Il Consiglio Regionale ha approvato il Piano Triennale 2019 – 2021 in materia di servizi e di beni culturali

di Stefano Stefanini

NewTuscia – ROMA – E’ stato recentemente approvato  dal Consiglio Regionale del Lazio il Piano Triennale 2019 – 2021 in materia di servizi e di beni culturali. Si tratta di un piano atteso da molti anni  – l’ultimo risale al 2002 – che finalmente consentirà a musei, istituti culturali, archivi e biblioteche presenti sul nostro territorio di lavorare con maggiore programmazione, avendo certezza dei finanziamenti nell’arco del prossimo triennio.

Il Piano Triennale ha l’obiettivo di consolidare e far crescere i sistemi territoriali dei servizi culturali già esistenti ma anche incoraggiare la nascita di nuove aggregazioni che permettano alle comunità locali di creare nuovi rapporti di conoscenza sul proprio territorio e di accrescere le potenzialità di promozione, formazione e ricerca. Per valorizzare il patrimonio culturale diffuso su tutto il territorio regionale, il piano stimola la sinergia tra i diversi enti coinvolti attraverso accordi inter-istituzionali.

Due novità fondamentali per semplificare i meccanismi di accreditamento.

  1. Per i musei fa riferimento all’attualissimo modello di accreditamento elaborato per il Sistema Museale Nazionale dalla Direzione Generale dei Musei del MiBAC e sancito con il D.M. n. 113/2018.
  2. Inoltre, riconoscendo la grande eterogeneità del patrimonio culturale regionale, introduce elementi di flessibilità nei requisiti minimi degli orari di apertura che possono essere declinati su fasce orarie settimanali, garantendo un minimo di giornate di apertura annuali.

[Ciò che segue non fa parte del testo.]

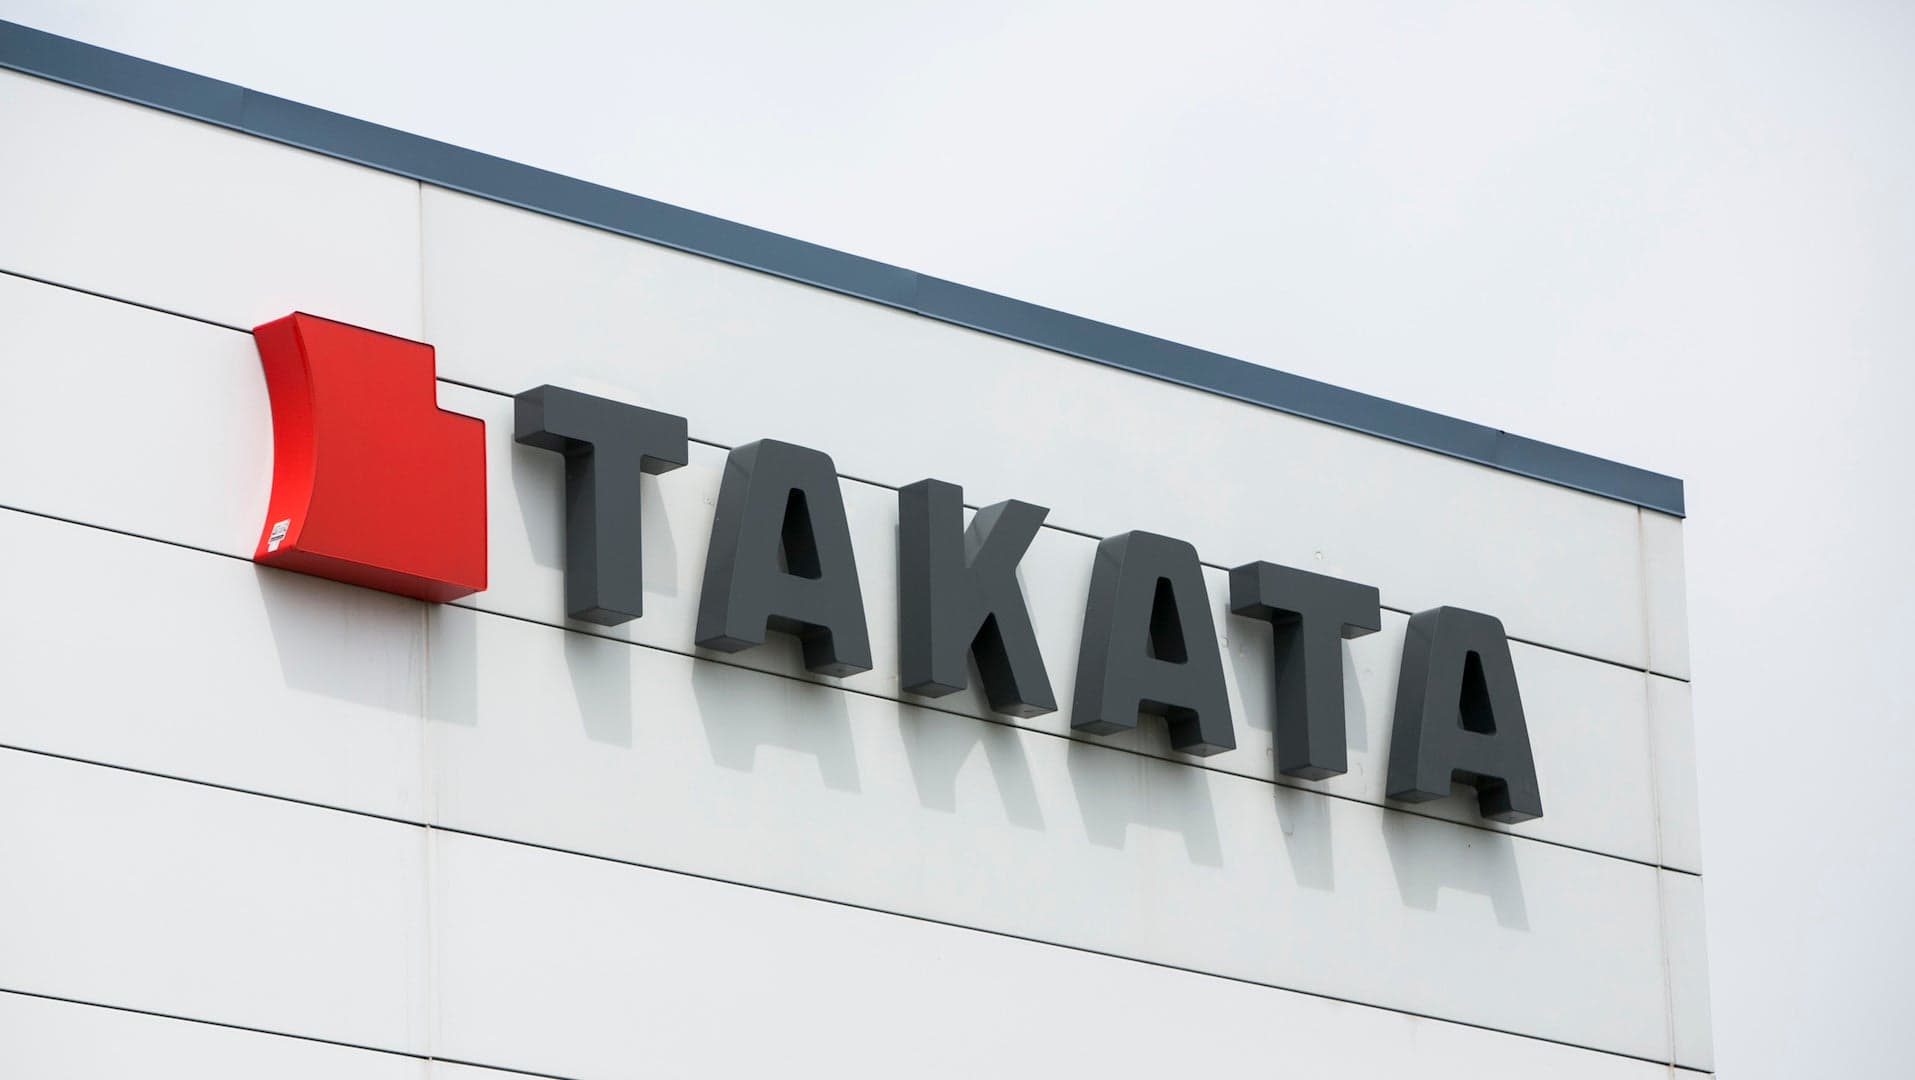 An Exploding Truck Full of Takata Airbag Parts Killed a Woman in Texas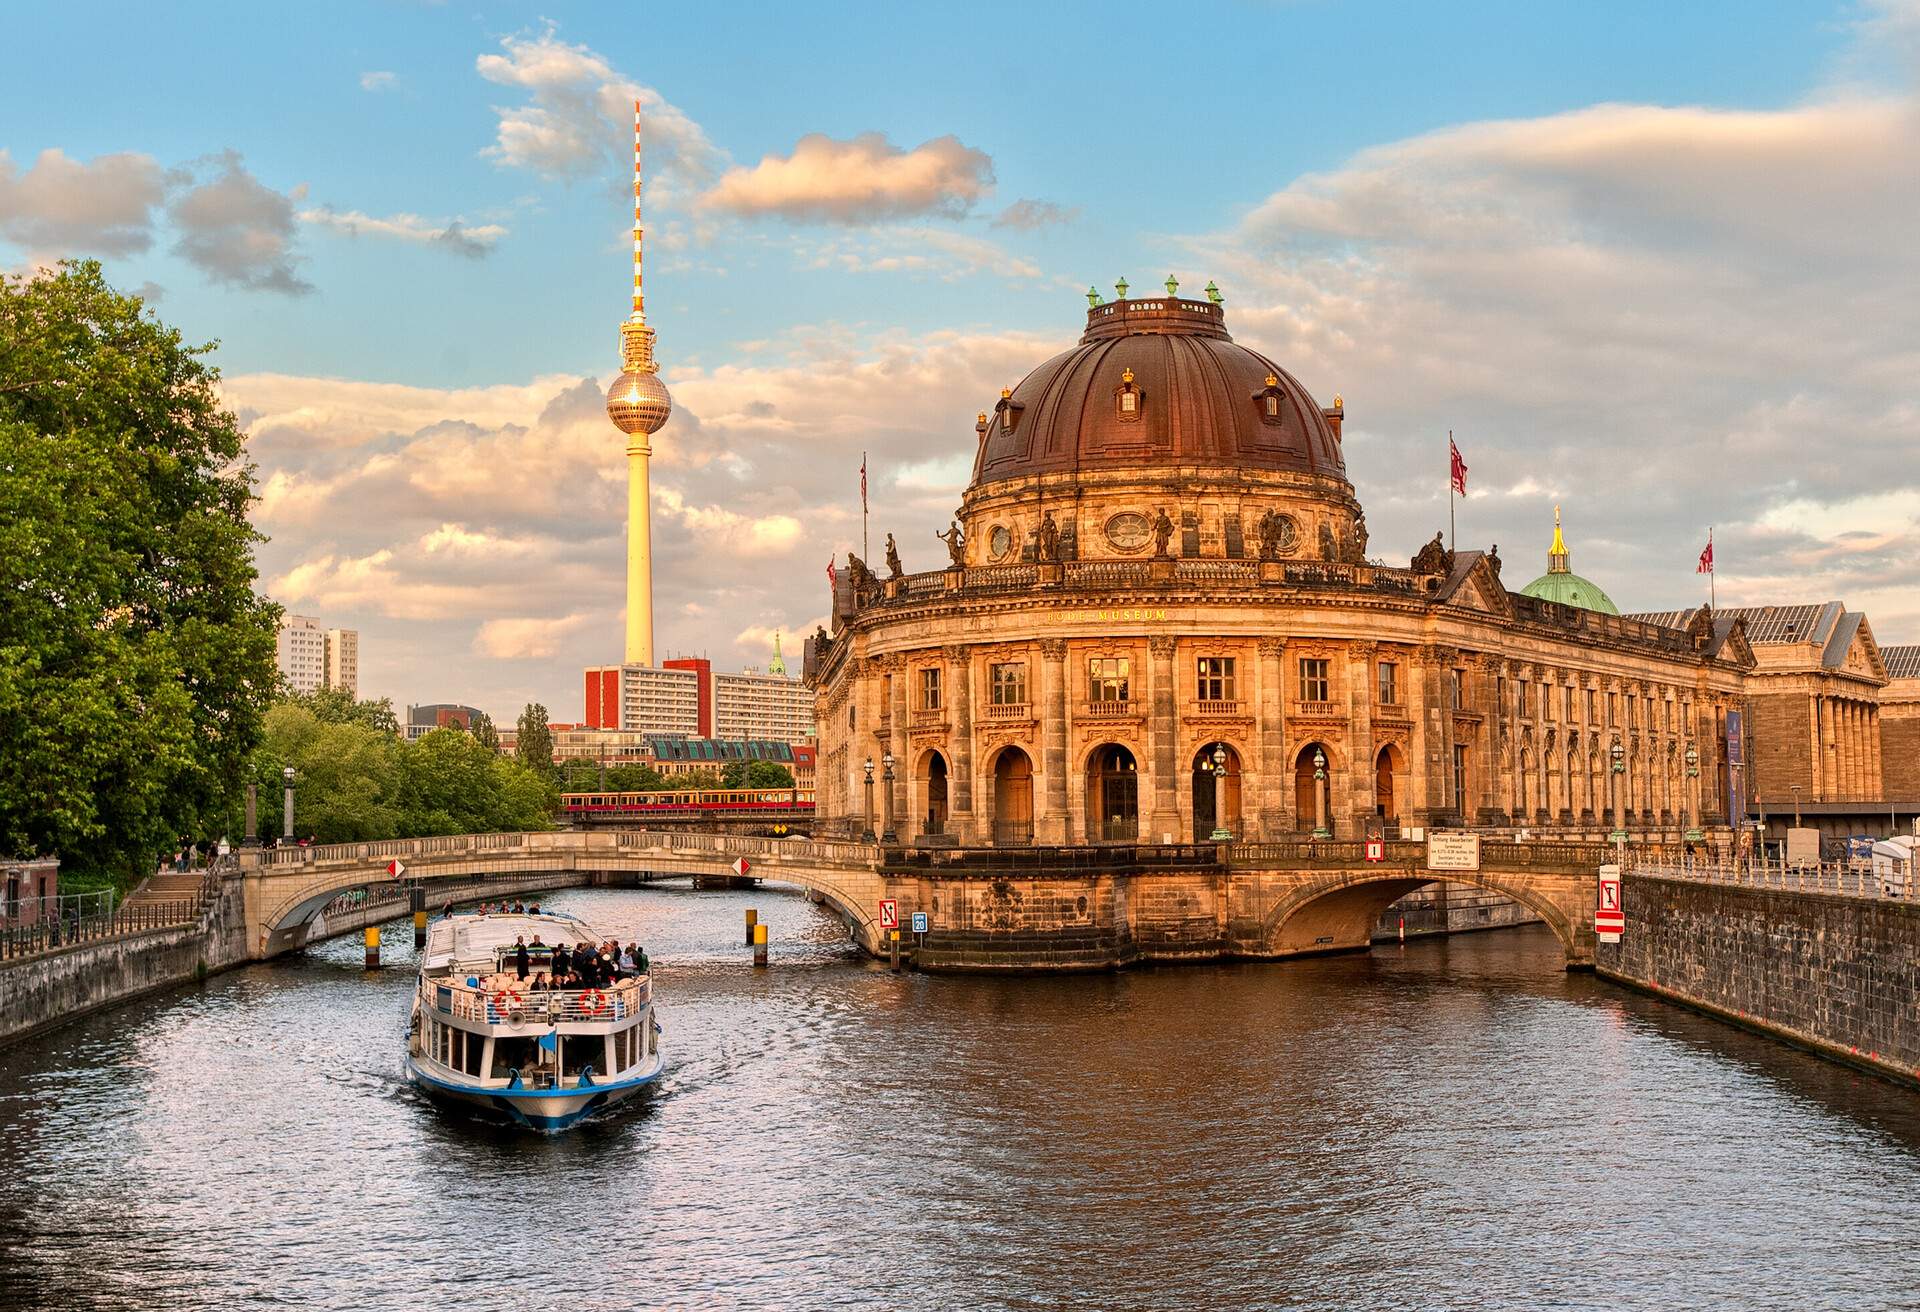 A Museum island on Spree river and Alexanderplatz TV tower in center of Berlin, German boat cruises a river with views of the Baroque-style Bode Museum and the Berlin TV Tower.

Allo stesso tempo, incentiva le aperture straordinarie e serali dei luoghi della cultura, con l’obiettivo di renderli sempre più un punto di riferimento vivo per il territorio e i suoi abitanti.

    Il Piano sollecita e promuove l’accessibilità e l’apertura a tutte le fasce di pubblico attraverso:  l’eliminazione delle barriere architettoniche; la promozione di iniziative finalizzate ad una maggiore partecipazione di tutte le categorie di cittadini, con l’utilizzo di strumenti didattici tradotti nelle lingue delle comunità straniere residenti, l’ausilio di percorsi dedicati ai bambini e laboratori e percorsi fruibili da persone non vedenti e non udenti; una grande attenzione all’innovazione tecnologica, alla comunicazione e alla formazione.

Per raggiungere questi obiettivi, il Piano Triennale mette in campo risorse concrete potenziando gli investimenti fatti negli ultimi anni e attingendo anche ai fondi europei disponibili, prevedendo forme di premialità per i servizi culturali già inseriti in forme sistemiche.

Questi, in sintesi, gli investimenti previsti: Oltre 11 milioni per manutenzione straordinaria e innovazione tecnologica di cui: 6,835 milioni (Fondi Europei) con l’avviso pubblico “L’impresa fa cultura” destinato a micro, piccole e medie imprese; 4,544 milioni tra fondi ordinari per musei, biblioteche e archivi e azione cardine per musei, biblioteche, archivi, aree e parchi archeologici e complessi monumentali.

Risorse per le attività e il funzionamento di musei, biblioteche e archivi storici, con 1,7 milioni sul 2019 per valutare i risultati conseguiti e poi determinare gli stanziamenti per le annualità 2020-2021.

Risorse per il sostegno al funzionamento e per lavori di ristrutturazione e arredi degli Istituti Culturali, con  700 mila euro per il 2019 + 350 mila per il 2020

“La stesura del piano ha seguito un iter molto partecipato raccogliendo le osservazioni e i suggerimenti dei diversi rappresentanti dei luoghi della cultura regionali e i pareri favorevoli di Roma Capitale e della Città metropolitana. Desidero ringraziare tutti coloro che hanno dato il proprio contributo, la Direzione Cultura e Politiche Giovanili per l’ottimo lavoro svolto, la Commissione Cultura e i consiglieri regionali per la grande collaborazione dimostrata – così il presidente, Nicola Zingaretti, che ha aggiunto: il Piano Triennale introduce importanti elementi di novità: favorirà una maggiore sinergia con le altre istituzioni e con i territori grazie al rafforzamento dei sistemi tematici e territoriali dei luoghi della cultura, semplificherà i meccanismi di accreditamento, favorirà l’accessibilità del pubblico, fornirà più risorse grazie anche ai Fondi Europei e consentirà una maggiore progettualità per interventi e finanziamenti”.